In a 2013 study controverting the theoretical benefits of geoengineering, a group of British meteorologists found — rather than providing an insulating shield of protection — the practice could mean disaster of unimaginable proportions.

Although unable to assess definitively whether future geoengineering could be the planetary catastrophe they suspect, the scientists did note for that study that “loading aerosols into the northern hemisphere stratosphere would cause Sahelian drought.”

This is quite the critical potentiality when taken contextually with the last Sahelian drought — a two-decade event, from 1970 through 1990, which killed at least 250,000 people and displaced 10 million — later determined to be “one of the world’s biggest humanitarian disasters.”

Beyond the continent of Africa, Asia and South America could suffer similar crop decimation from large-scale drought — threatening a hefty proportion of the global food supply.

Besides sending chemicals aloft in the atmosphere to potentially cataclysmic results, the practice of geoengineering comes with a particularly Orwellian caveat — indiscretion exhibited thus far by the nascent administration of President Donald Trump.

Because, despite prescient warnings from cautious scientists in the field, officials now seem decidedly in favor of widescale testing and experimentation — and do not seem prone to exercise imperative prudence.

“Clearly parts of the Trump administration are very willing to open the door to reckless schemes like David Keith’s, and may well have quietly given the nod to open-air experiments,” Silvia Riberio, of technology watchdog ETC Group, told the Guardian. “Worryingly, geoengineering may emerge as this administration’s preferred approach to global warming. In their view, building a big beautiful wall of sulphate in the sky could be a perfect excuse to allow uncontrolled fossil fuel extraction. We need to be focussing on radical emissions cuts, not dangerous and unjust technofixes.”

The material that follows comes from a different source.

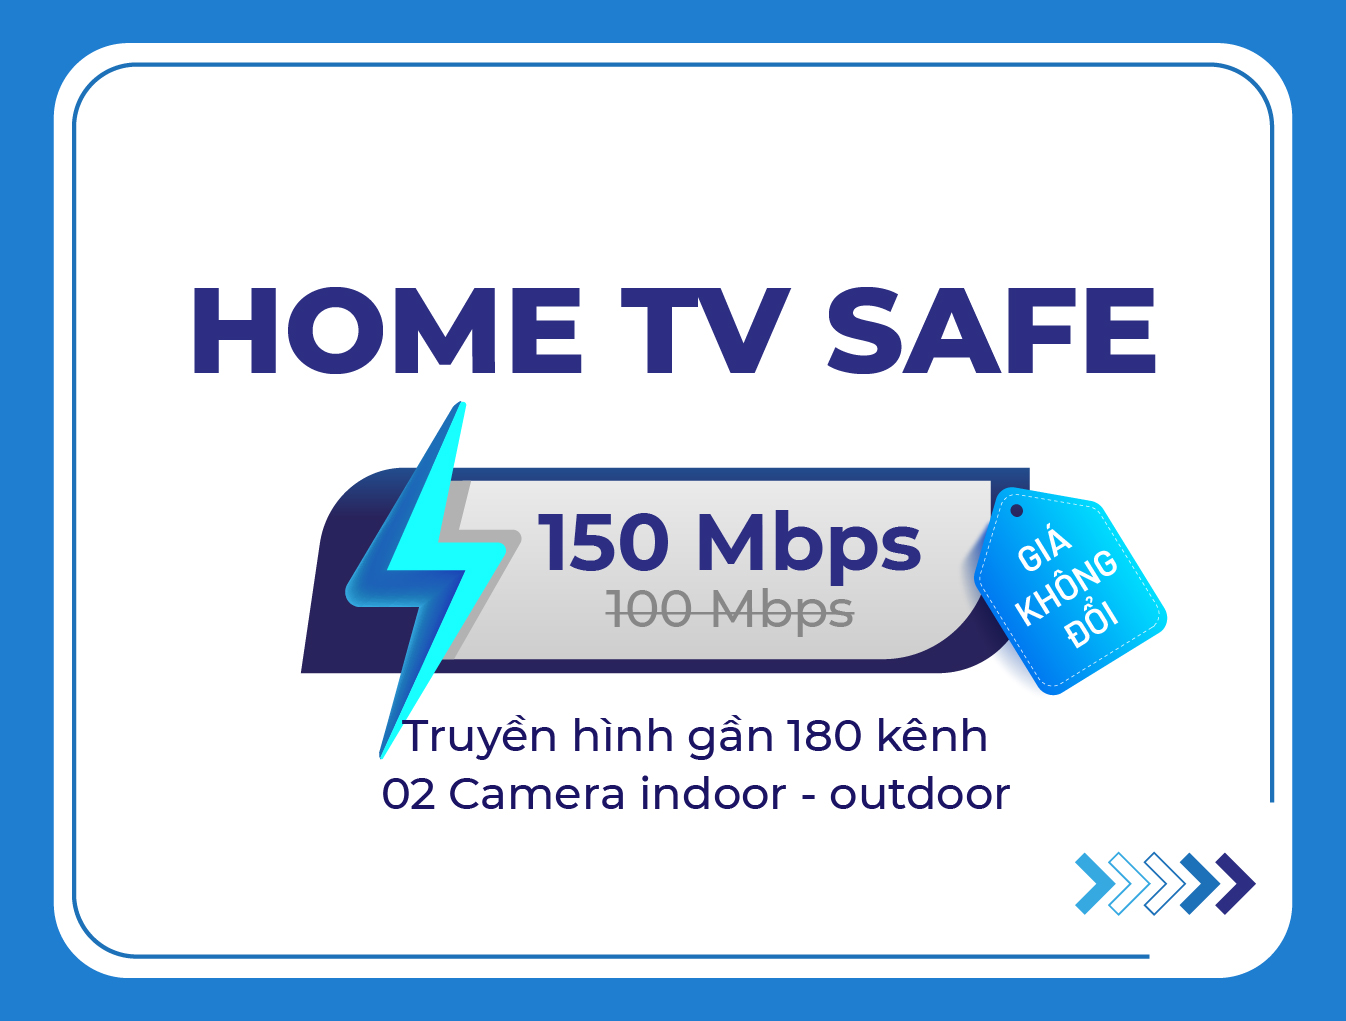 Home TV Safe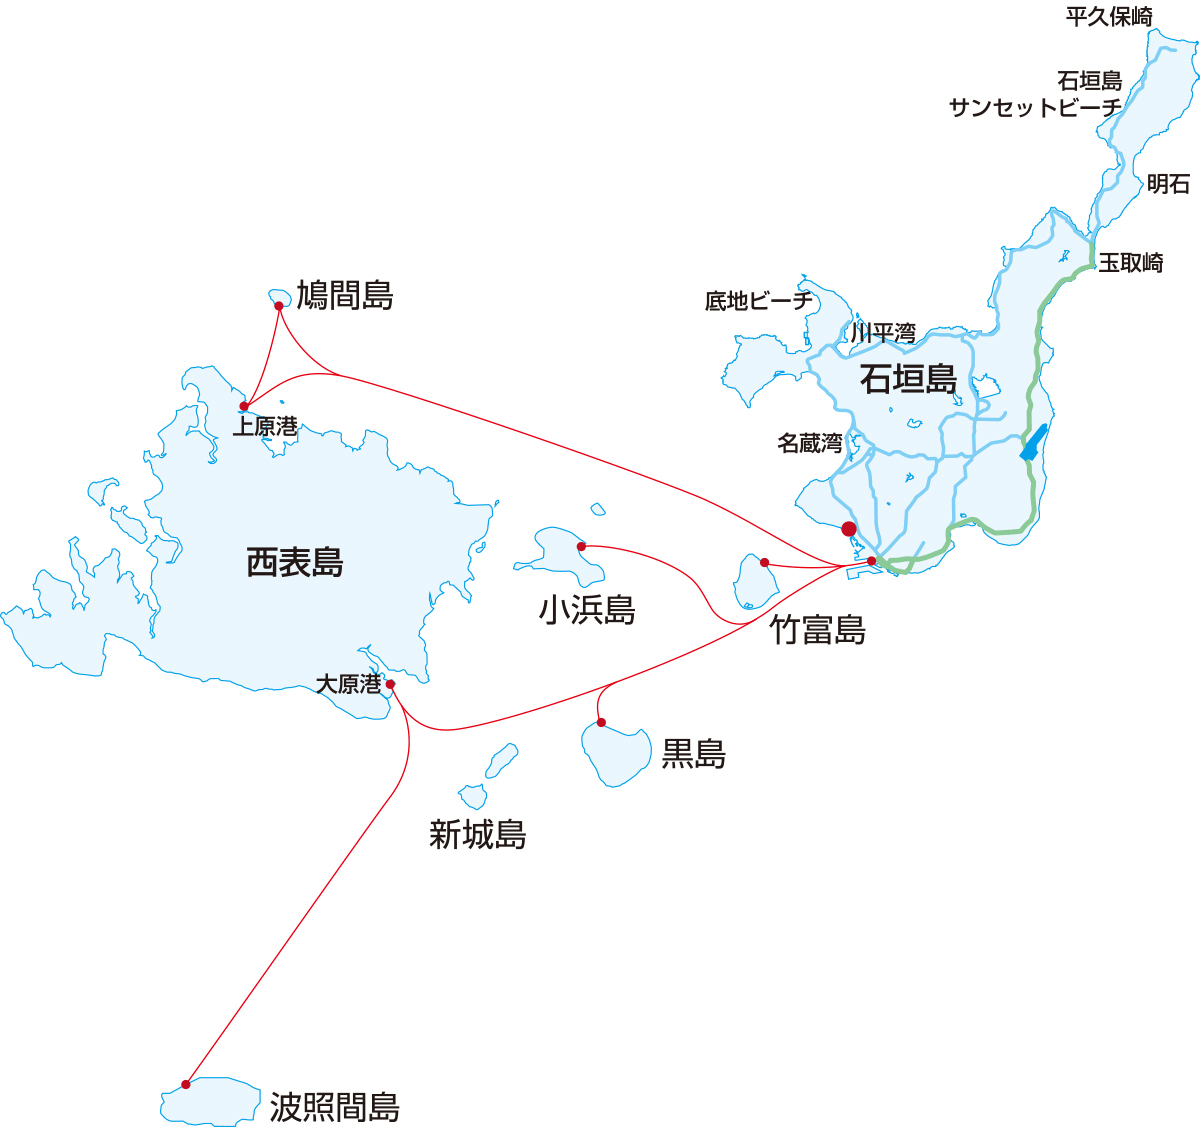 石垣島から八重山の島々へのアクセスの図

One Trump administration official and former top oil executive appears to have stepped in line with the manufactured solution to warming temperatures, as the Guardian reports,

“US Secretary of State Rex Tillerson has also appeared to support geoengineering, describing climate change as an ‘engineering problem.’ ExxonMobil’s funding of the climate denial industry is under investigation by attorney generals in the United States, but it’s less well known that ExxonMobil scientists under Tillerson’s reign as CEO were leading developers of geo-engineering technologies like carbon dioxide removal.”

On the subject of the worst possible outcome for the planet’s climate and the near-inevitable dangerous rise in sea levels — incidentally already reality — Tillerson stated at an ExxonMobil shareholders meeting in 2015,

“Our plan B has always been grounded in our beliefs around the continued evolution of technology and engineered solutions to address and react to whatever the climate system and its outcomes present to us, whether that be in the form of rises in sea level which we think you can address through different engineering accommodations along coastal areas, to changing agricultural production due to changes in weather patterns that may or may not be induced by climate change.”

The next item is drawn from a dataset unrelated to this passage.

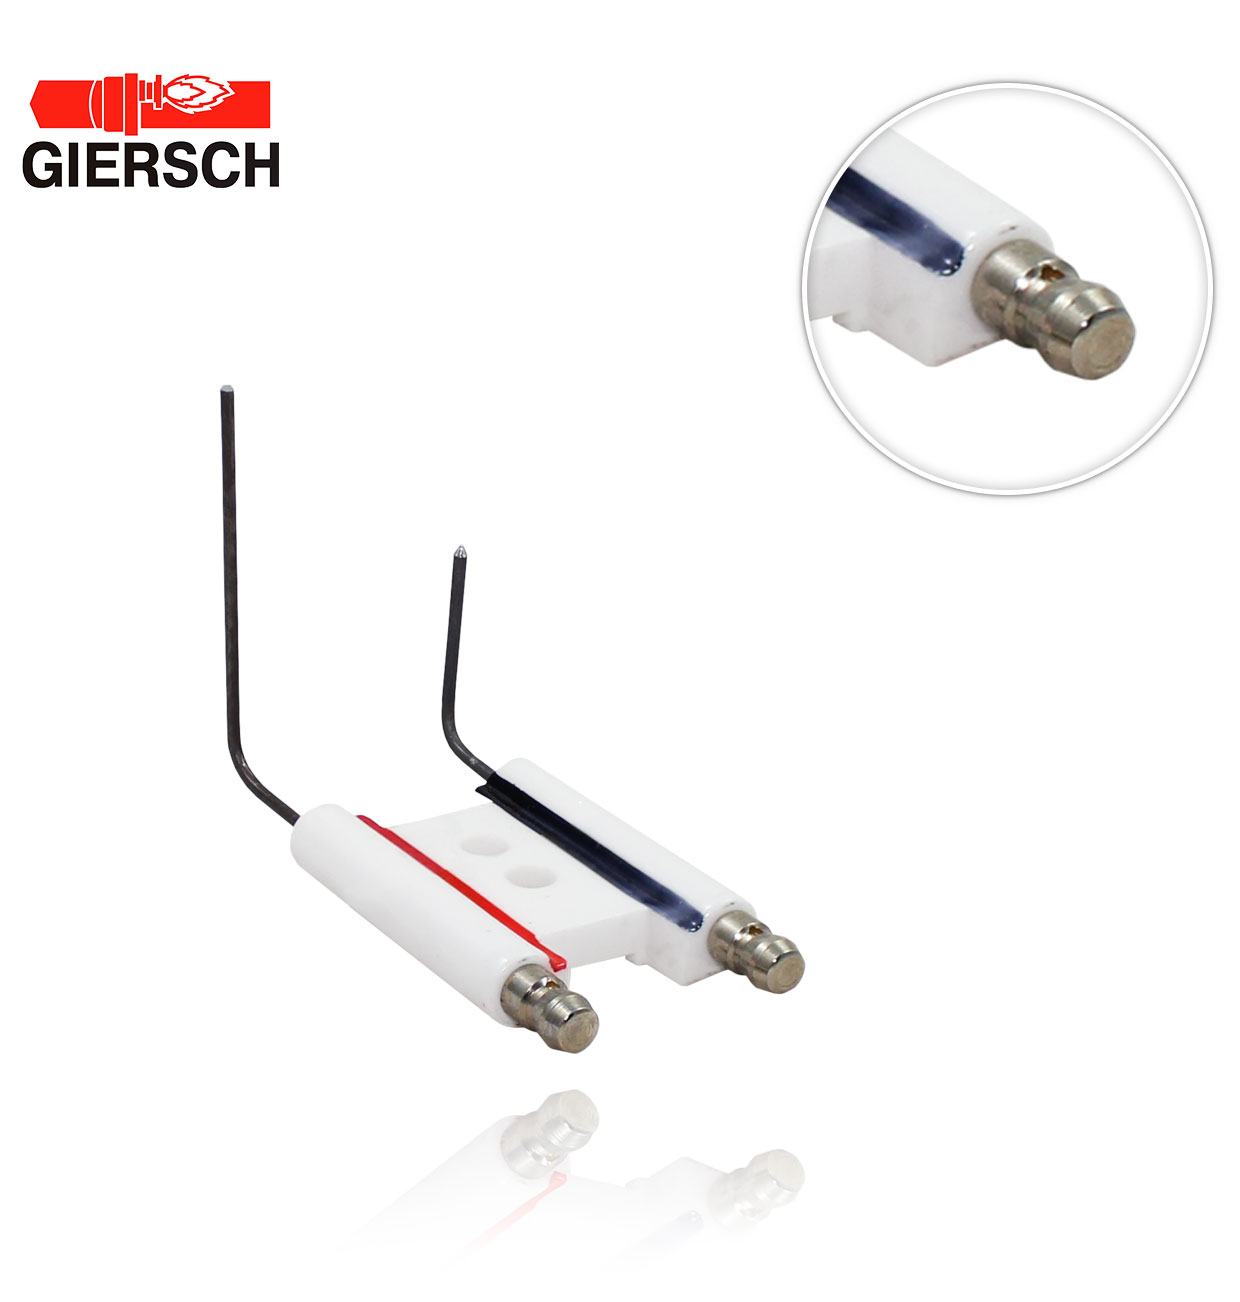 GIERSCHRG-30-Z(-M)-LN 43-50-21230 ELECTRODE

ExxonMobil, of course, is under investigation for allegations of covering up the known deleterious effects on the atmosphere of pollutants from the oil and gas industry — and that certain gases do, indeed, cause global warming.

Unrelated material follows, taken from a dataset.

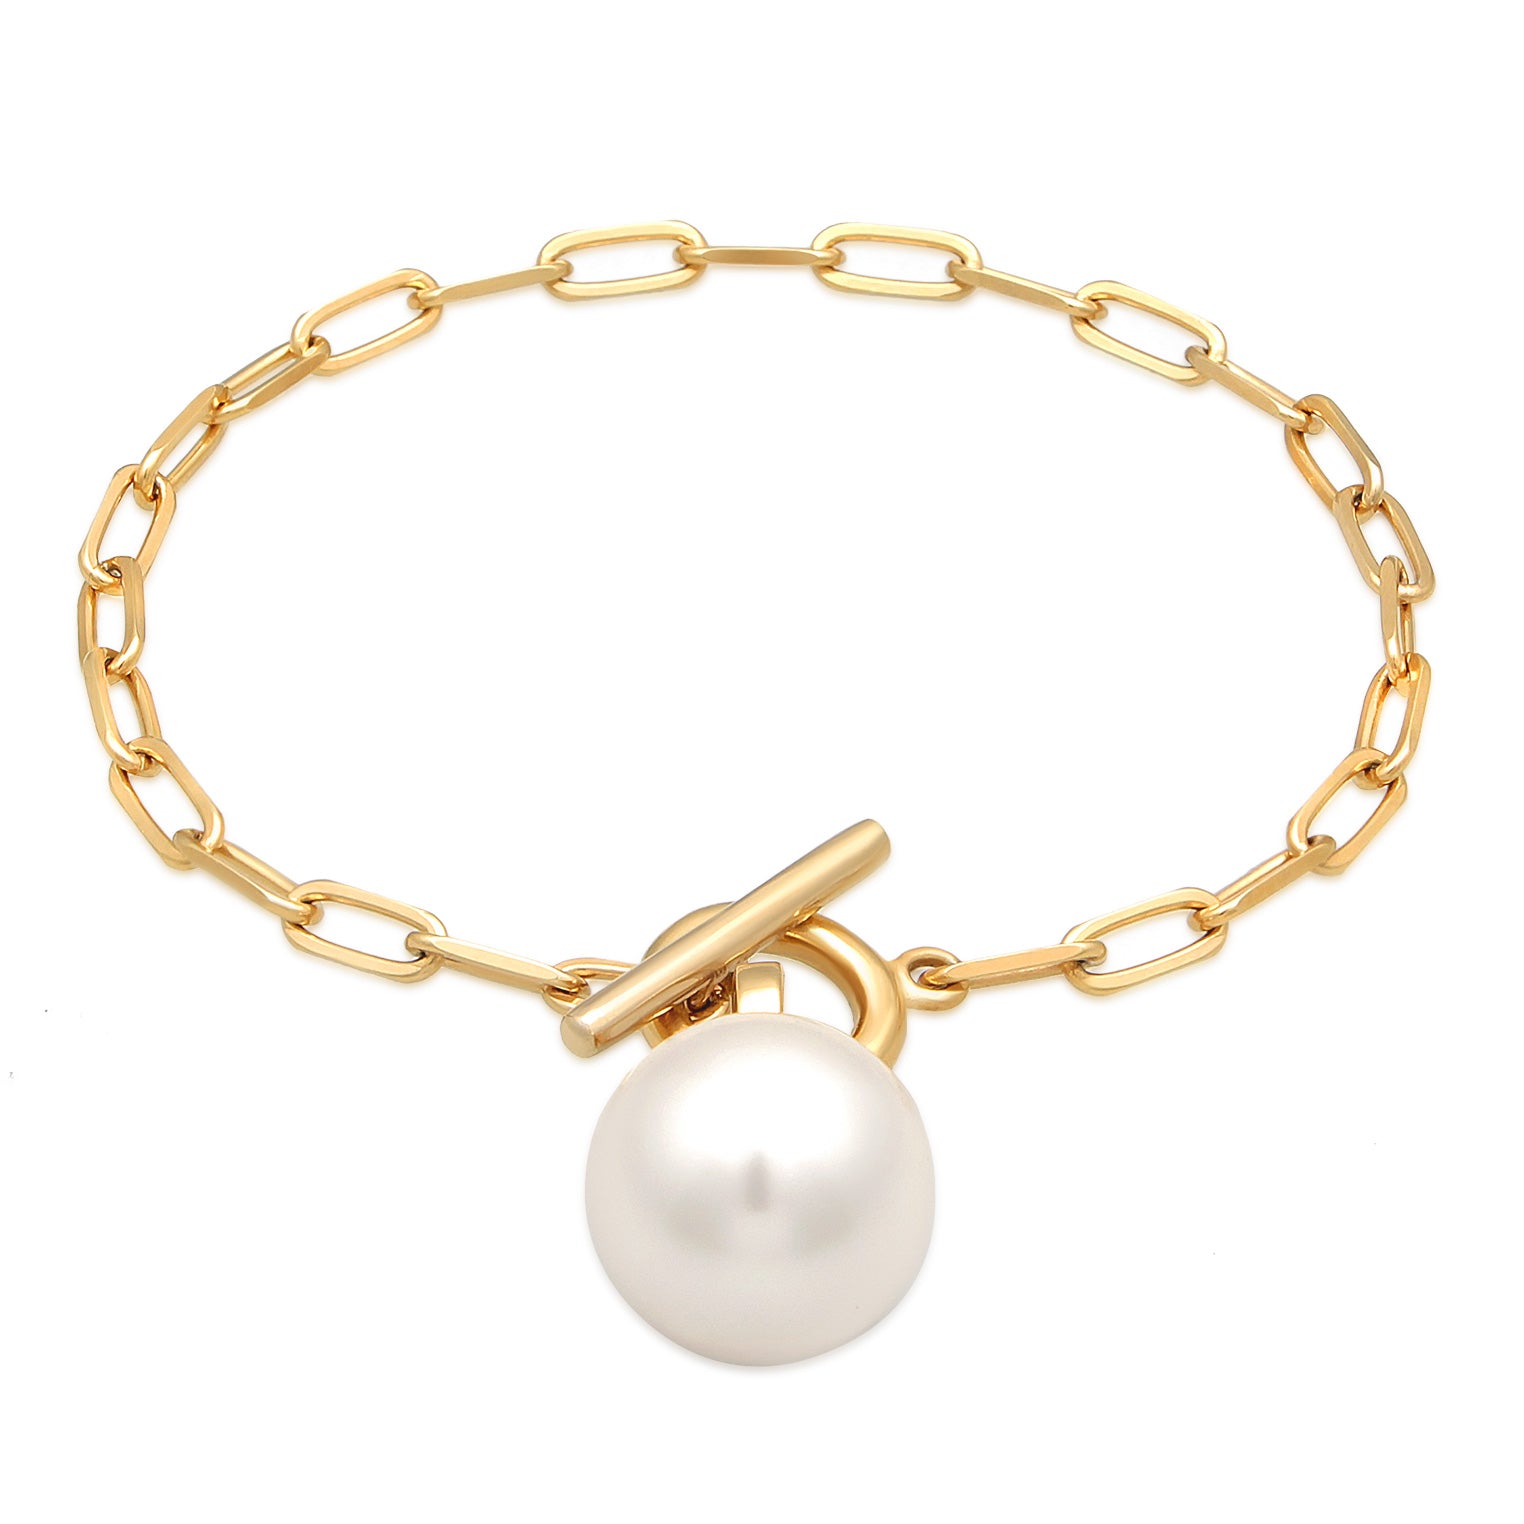 Armbänder im Online-Shop von Elli kaufen – Elli Jewelry

Whether or not the Harvard project will meet with success — or if aircraft will even leave the ground — remains to be seen.

Keith trepidatiously observed on Friday,

“We are not unalterably committed to doing the experiment. We’re headed down the road of doing that, but depending on what an advisory committee says and what we learn technically we’re certainly willing to stop. Our long term goal is to build a sustainable effort in solar geoengineering research that allows us to say more about ways it might actually provide public benefit.”